5 Emotional Wounds: Impact on Relationships
Nathalie, 38, an architect, describes an anxiety she's known since childhood. Her father often left -- business trips, unexplained absences, unpredictable returns. She was never abandoned in the strict sense. But she grew up in anticipation, uncertainty, and constant vigilance.
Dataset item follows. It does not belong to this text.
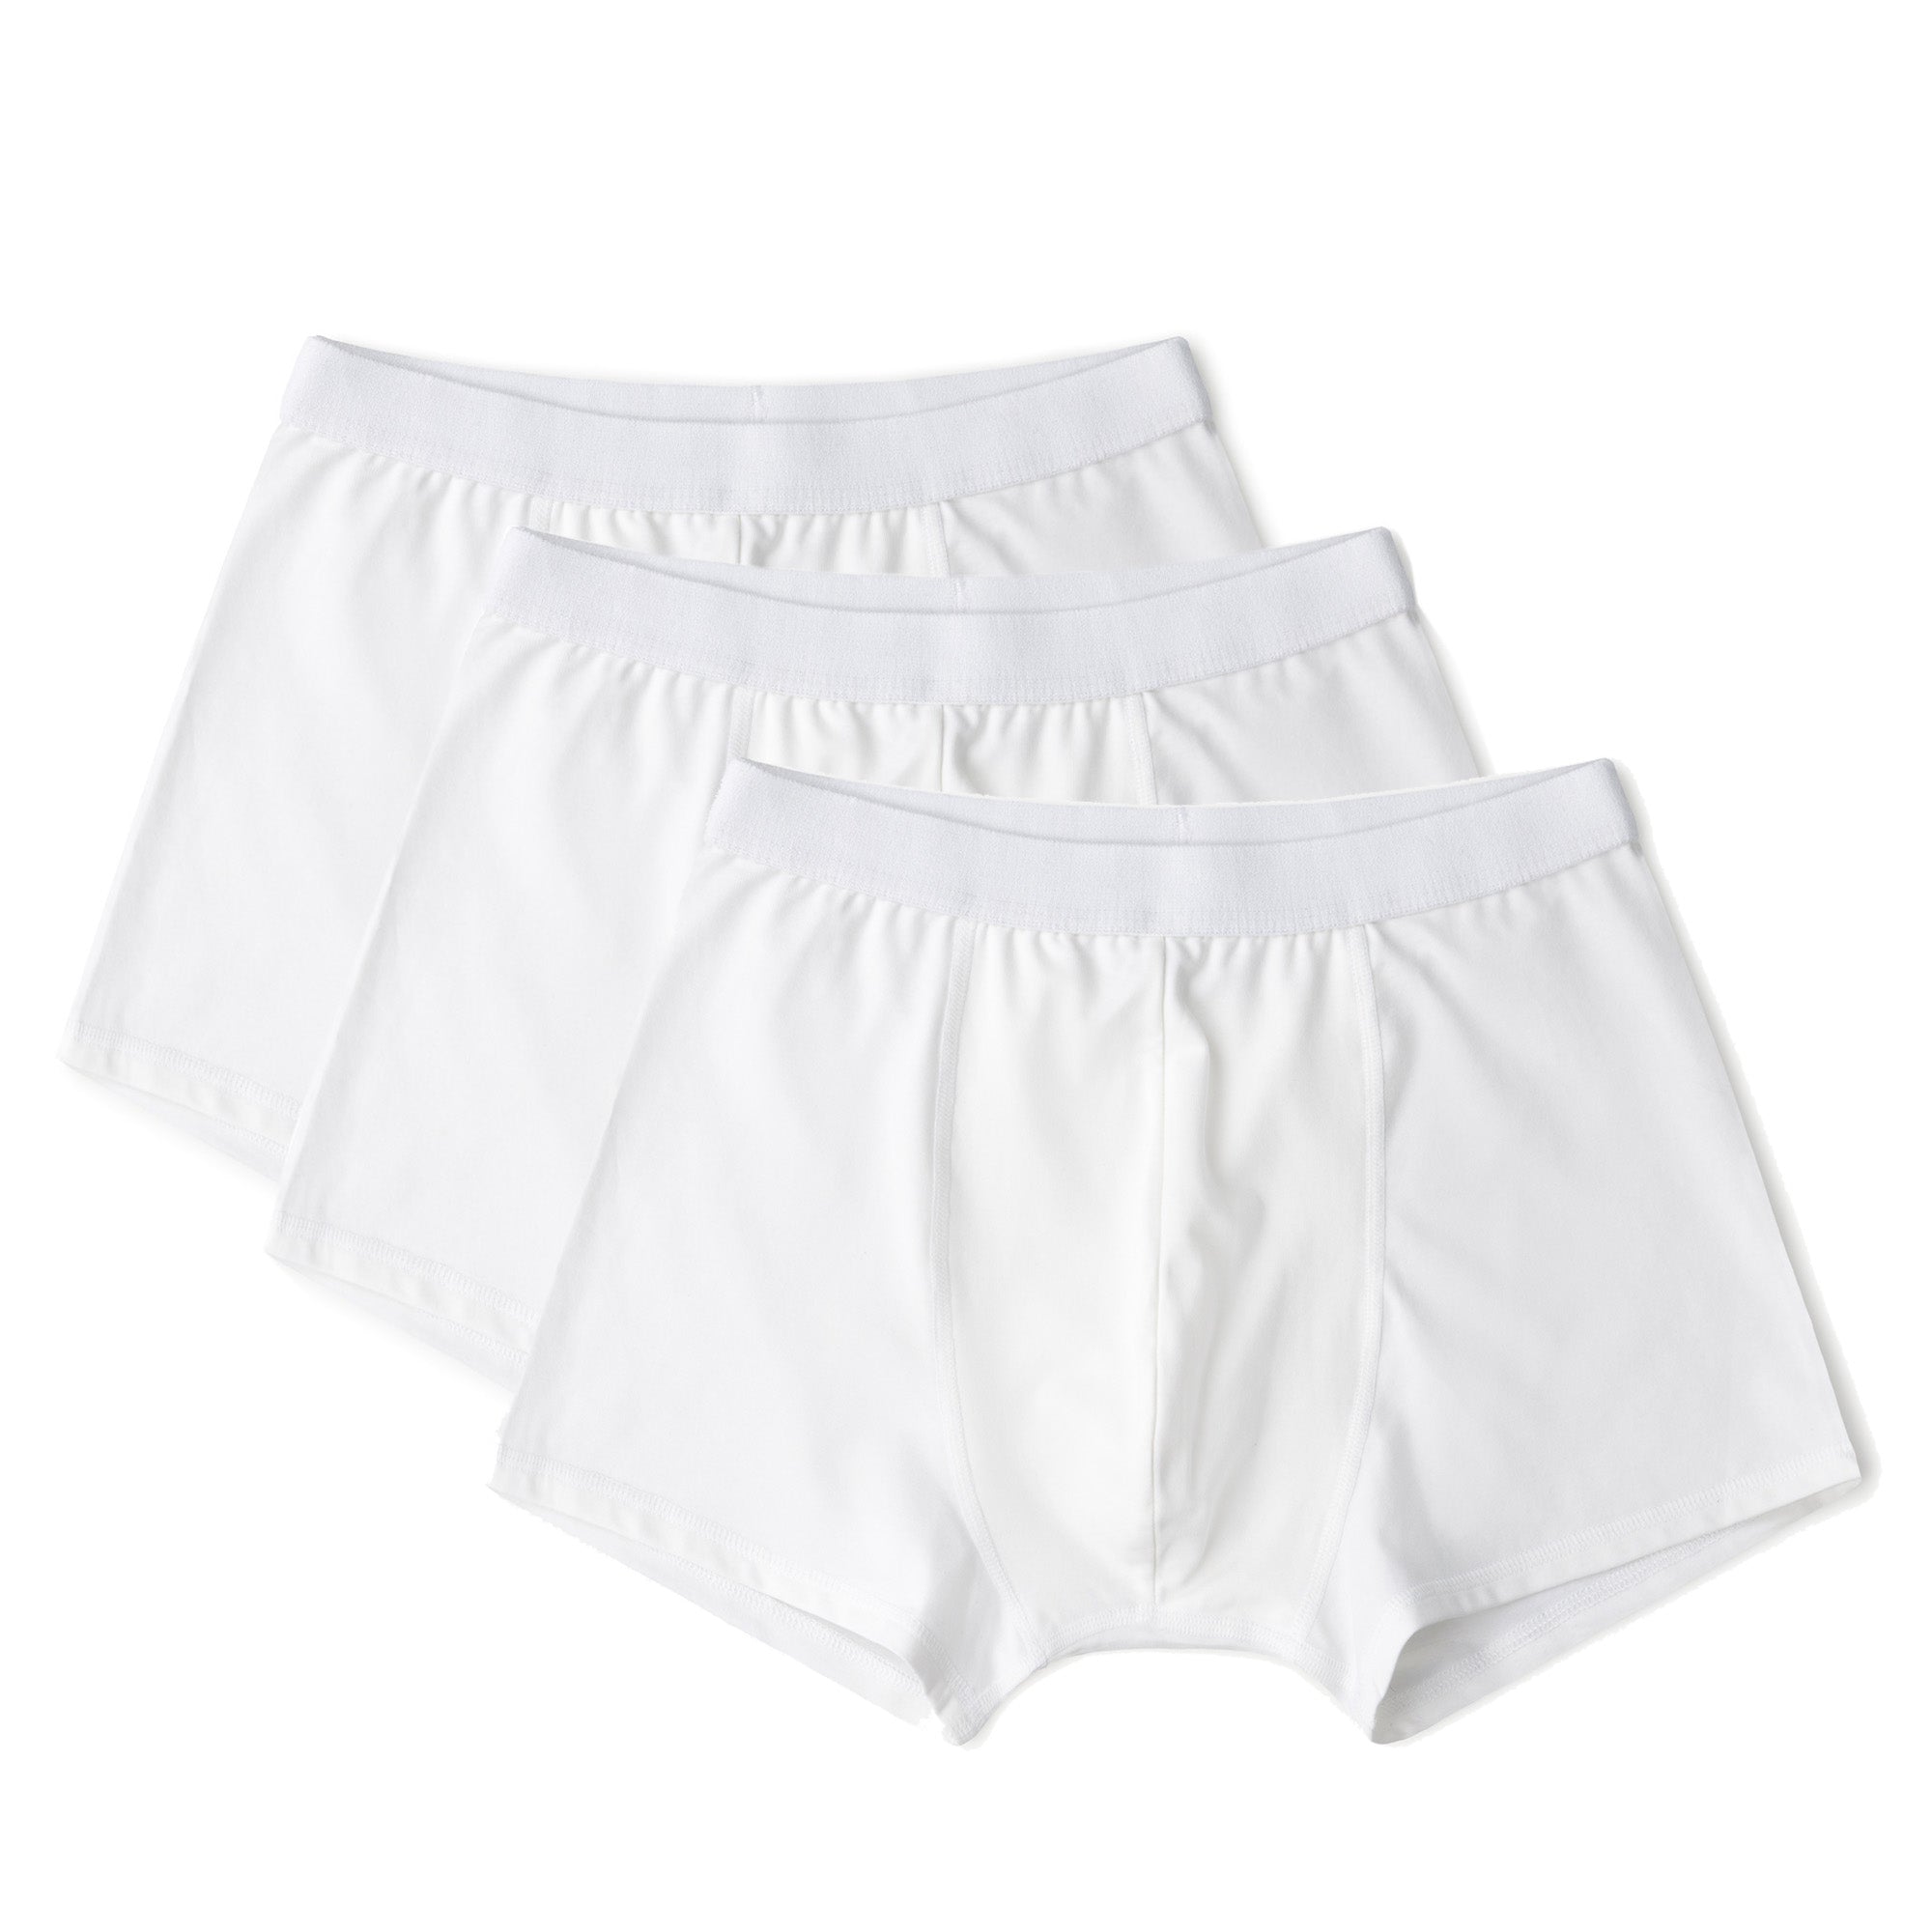 White Organic & Recycled cotton Boxer Briefs 3 pack

And thirty years later, this emotional wound of abandonment silently organizes every interaction with her partner.
The 5 emotional wounds and their impact on relationships constitute one of the most illuminating frameworks for understanding why two people who love each other can cause each other so much suffering. Popularized by Lise Bourbeau in Heal Your Wounds and Find Your True Self (2000), these five wounds -- rejection, abandonment, humiliation, betrayal, and injustice -- find solid clinical grounding when reread through Jeffrey Young's early maladaptive schema model and the tools of cognitive behavioral therapy (CBT).Bourbeau's model through a CBT lens
Lise Bourbeau proposes an intuitive and accessible model: five fundamental wounds, contracted in childhood, that shape our adult personality and relational behaviors. Each generates a "mask" -- a protective strategy that, paradoxically, maintains and worsens the wound.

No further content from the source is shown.